Ему, но не Сервилии. Мать все не соглашалась оставить его в покое и без конца сравнивала его с двумя его шуринами — Марком Эмилием Лепидом, мужем Юнии Старшей, и Гаем Кассием Лонгином, недавно женившимся на Терции. Сравнение говорило не в его пользу.
   Однако чем он провинился? И Лепид, и Кассий, оба они были совершенно другими людьми; Лепид — откровенным карьеристом, ограничившим все свои интересы тем, как вскарабкаться повыше, а Кассий — воином, умным и храбрым, но ужасно грубым и по-детски гордившимся своей неотесанностью. Впрочем, и тот и другой безмолвно признавали за ним превосходство и, пожалуй, даже кое в чем завидовали его прямоте и неумению идти на компромиссы.
   Одна Сервилия по-прежнему отказывалась считать душевную чистоту мужским достоинством. Марку очень хотелось доказать ей, что он стоит не меньше, а может, и больше, чем мужья сестер. Время шло к тридцати годам, а он все еще оставался никем. Благополучное присоединение Кипра не принесло ему никакой выгоды, потому что Катон приписал все заслуги себе. Не только для племянника, но и для остальных своих помощников он не потребовал от сената никакой награды.
   Марк злился на дядю. Приближение зрелости пугало его. Если прежде он сомневался в других, то теперь начал сомневаться в себе. Обреченный на бездействие своими слишком высокими представлениями о порядочности, он уже готов был заняться чем угодно, разумеется, не вмешиваясь в бушевавший в верхах политический кризис. Подходящий случай вскоре подвернулся. Он ухватился за него, потому что жаждал убедить Сервилию, что и он способен зарабатывать деньги.
   Провинции стенали под гнетом римских налогов. Каждый новый наместник, бывший консул, беззастенчиво обирал подчиненное ему население, стараясь компенсировать расходы, понесенные в ходе избирательной кампании, и копил деньги на новые выборы. Эта практика стала повсеместной. И первое, что сделал Катон на Кипре — обложил жителей острова податями в пользу римской казны. Жалобы, что с них заживо спускают шкуру, не трогали несгибаемого Марка Порция.
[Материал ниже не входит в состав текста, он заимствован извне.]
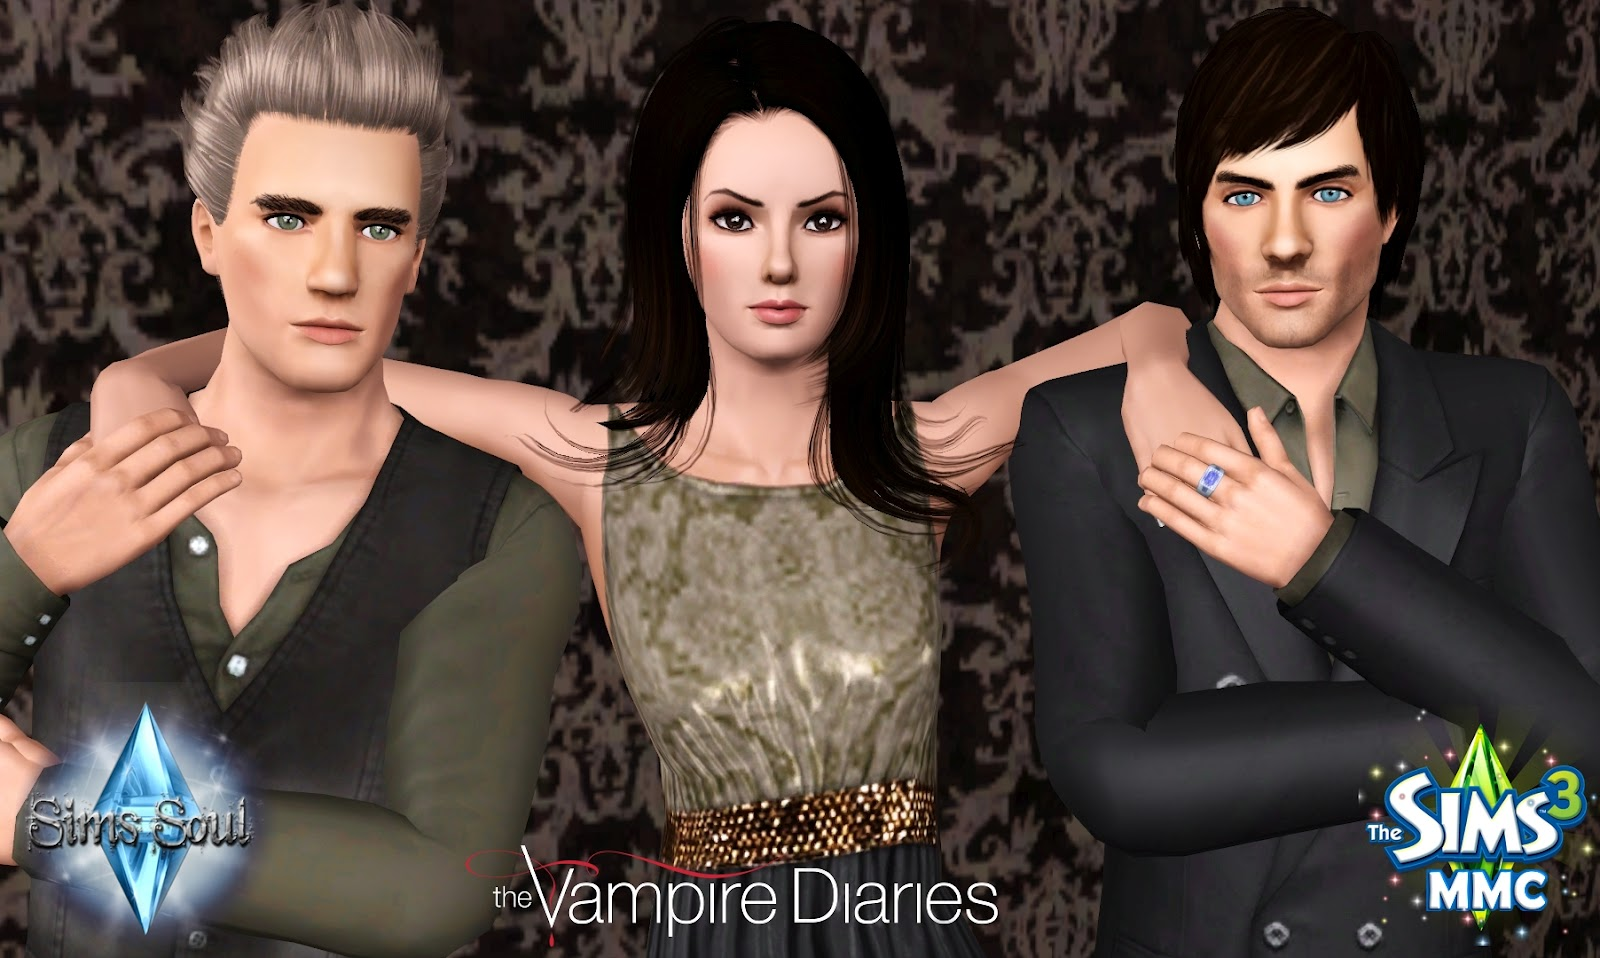 meet vampire diaries cast 2012 uk
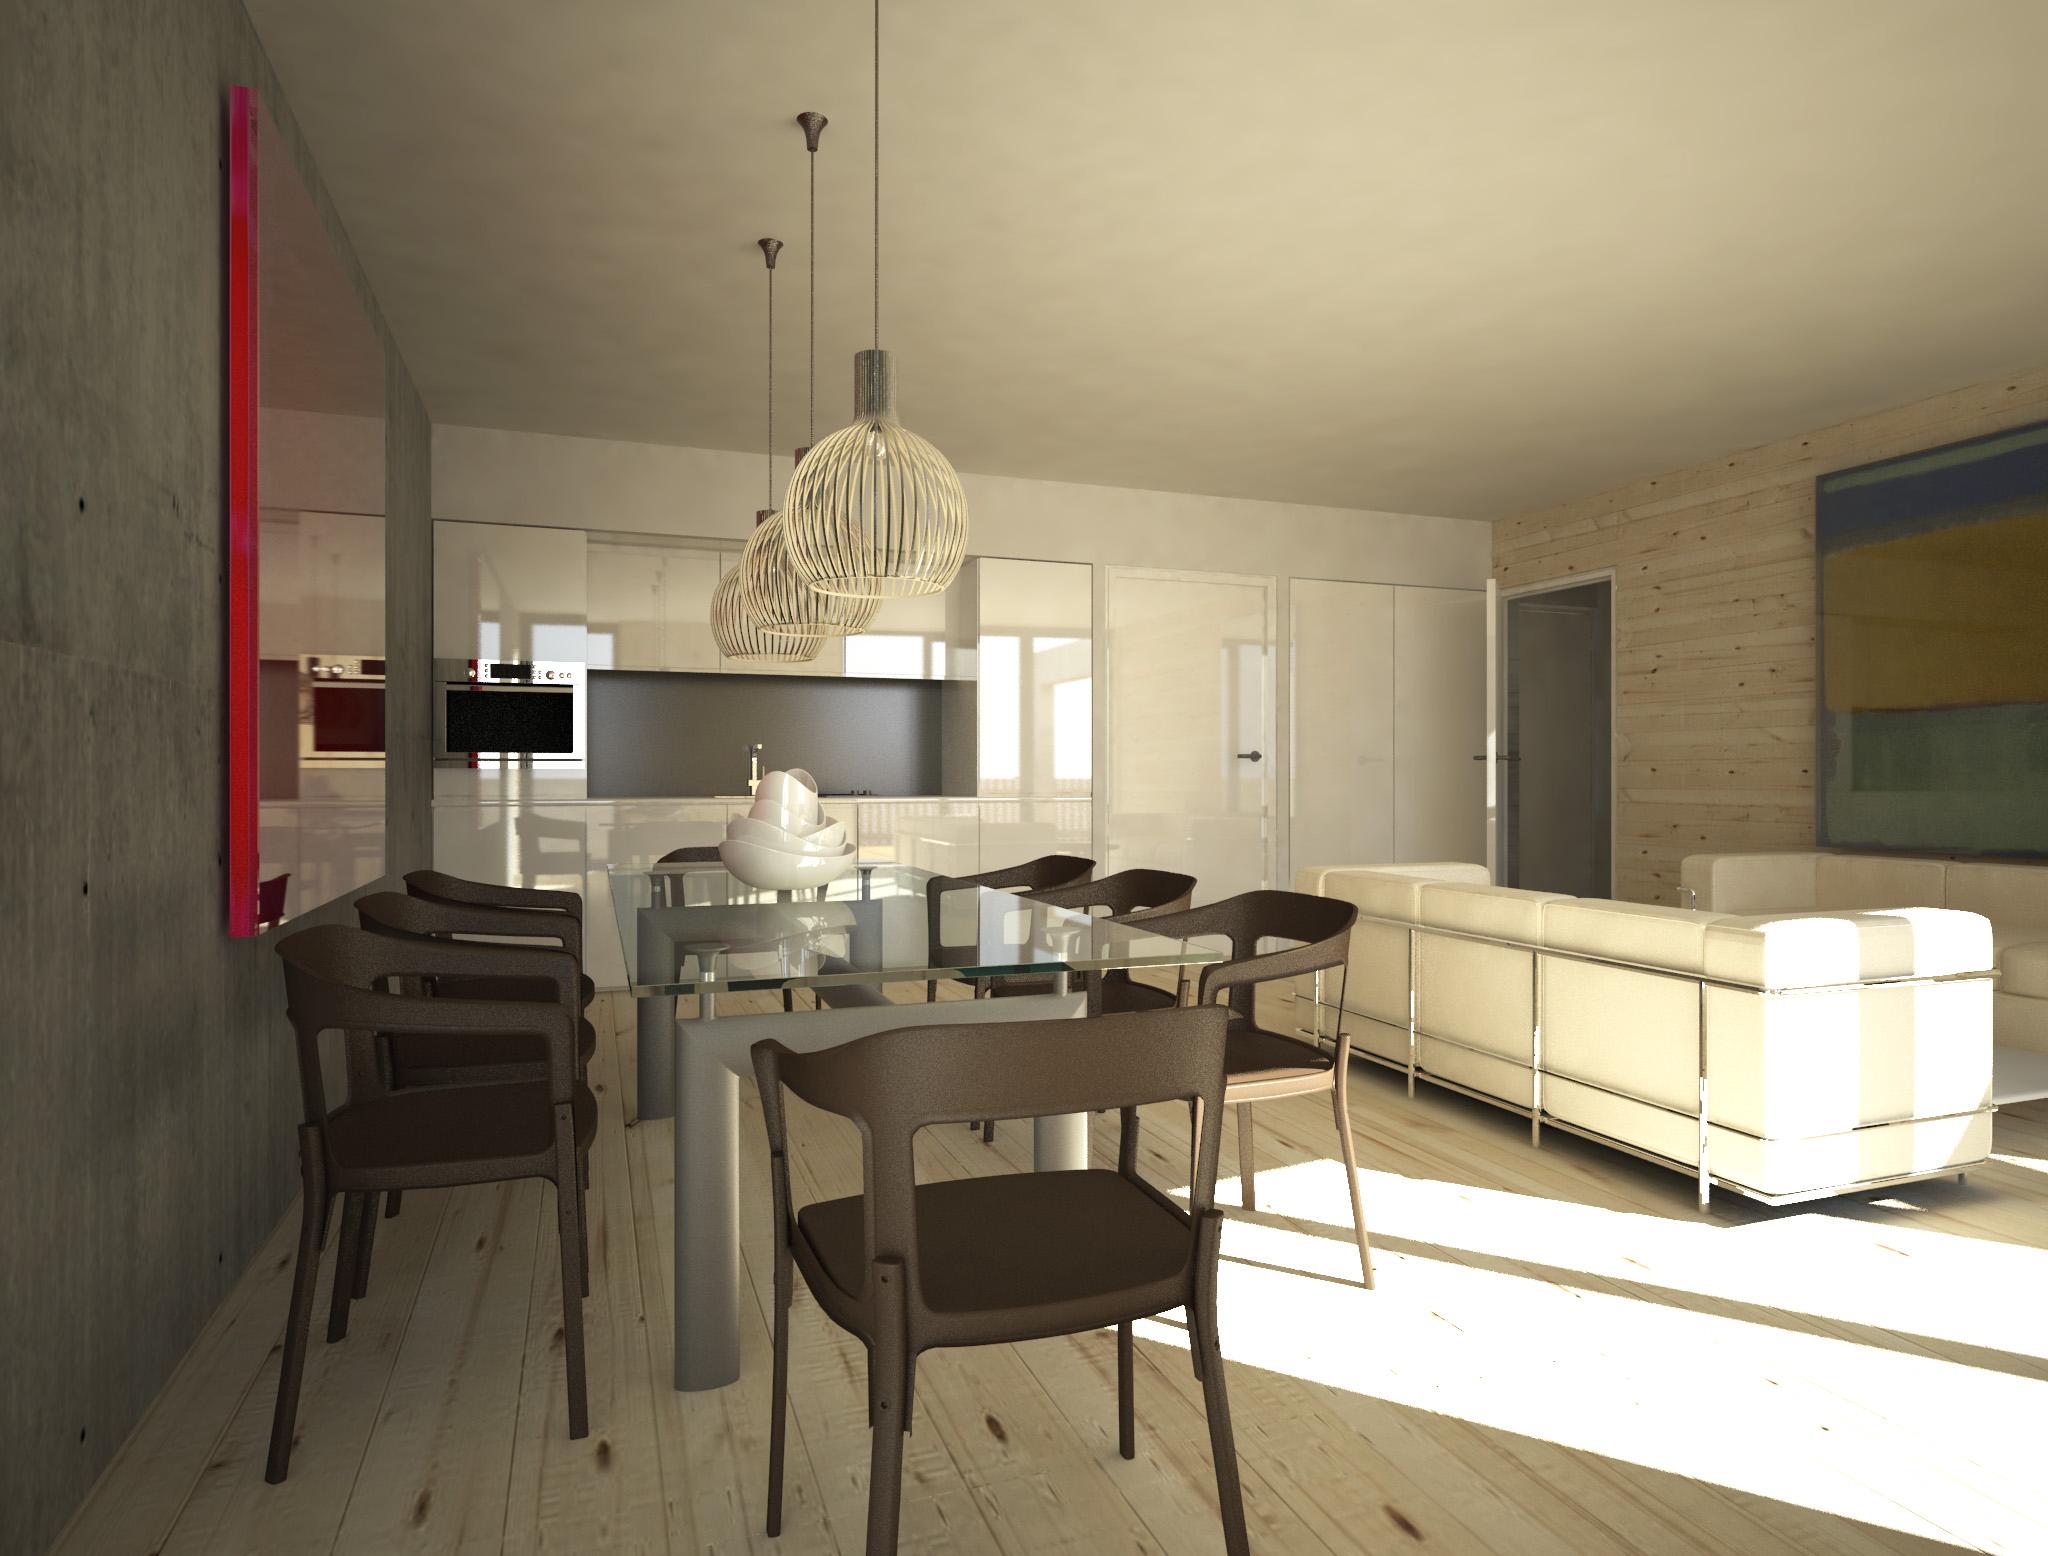 Chalet a appartement n 03 t2 3 lot a 203 niveau for Garage ad aurillac

   Летом 55 года в Рим прибыла из Саламина делегация сенаторов. Они надеялись получить заем на сумму в 53 таланта. Обычно в аналогичных случаях жители провинций обращались к римскому наместнику, но киприоты пока имели дело с одним лишь Катоном, а на его помощь рассчитывать, конечно, не приходилось. И тогда они решили связаться с его племянником Марком Юнием Брутом. Своими аристократическими манерами, своей глубочайшей культурой и умением свободно говорить по-гречески юноша произвел на саламинцев самое благоприятное впечатление.
   Посланцы направились прямиком к Бруту и, высказав все полагающиеся случаю комплименты, стали просить взаймы — ни много ни мало — 53 таланта. Таких денег у Брута, разумеется, не было. Признавшись новым друзьям, что он далеко не так богат, как им, вероятно, казалось, Марк все-таки пообещал подыскать им кредитора. И действительно, двое заимодавцев, ведавших финансовыми делами семьи, согласились предоставить требуемую сумму, но не меньше чем под 48 процентов годовых — слишком рискованной выглядела сделка. По принятому 10 лет назад Габиниеву закону, направленному на борьбу с ростовщичеством, верхний предел стоимости ссуды составлял 12 процентов. Но саламинцы не возражали и против 48, лишь бы удалось обойти закон. Все, что для этого требовалось, — добиться принятия особого сенатус-консульта, в виде исключения разрешавшего сделку на предложенных условиях. Еще один сенатус-консульт давал кредитору право в случае невыплаты ссуды обратиться за помощью к государству. Убедившись, что киприоты согласны на все, Брут взял на себя роль посредника и «пробил» оба постановления.
   Удачное завершение сделки возродило в Бруте веру в свои силы. Кроме того, в разговорах вокруг киприотского займа в сенате и на Форуме постоянно возникало его имя. Через год-другой к моральному успеху должен был добавиться и материальный — в виде вознаграждения за посредничество. Одним словом, Марк Брут стал в Риме завидной партией. Сервилия не могла упустить такой возможности.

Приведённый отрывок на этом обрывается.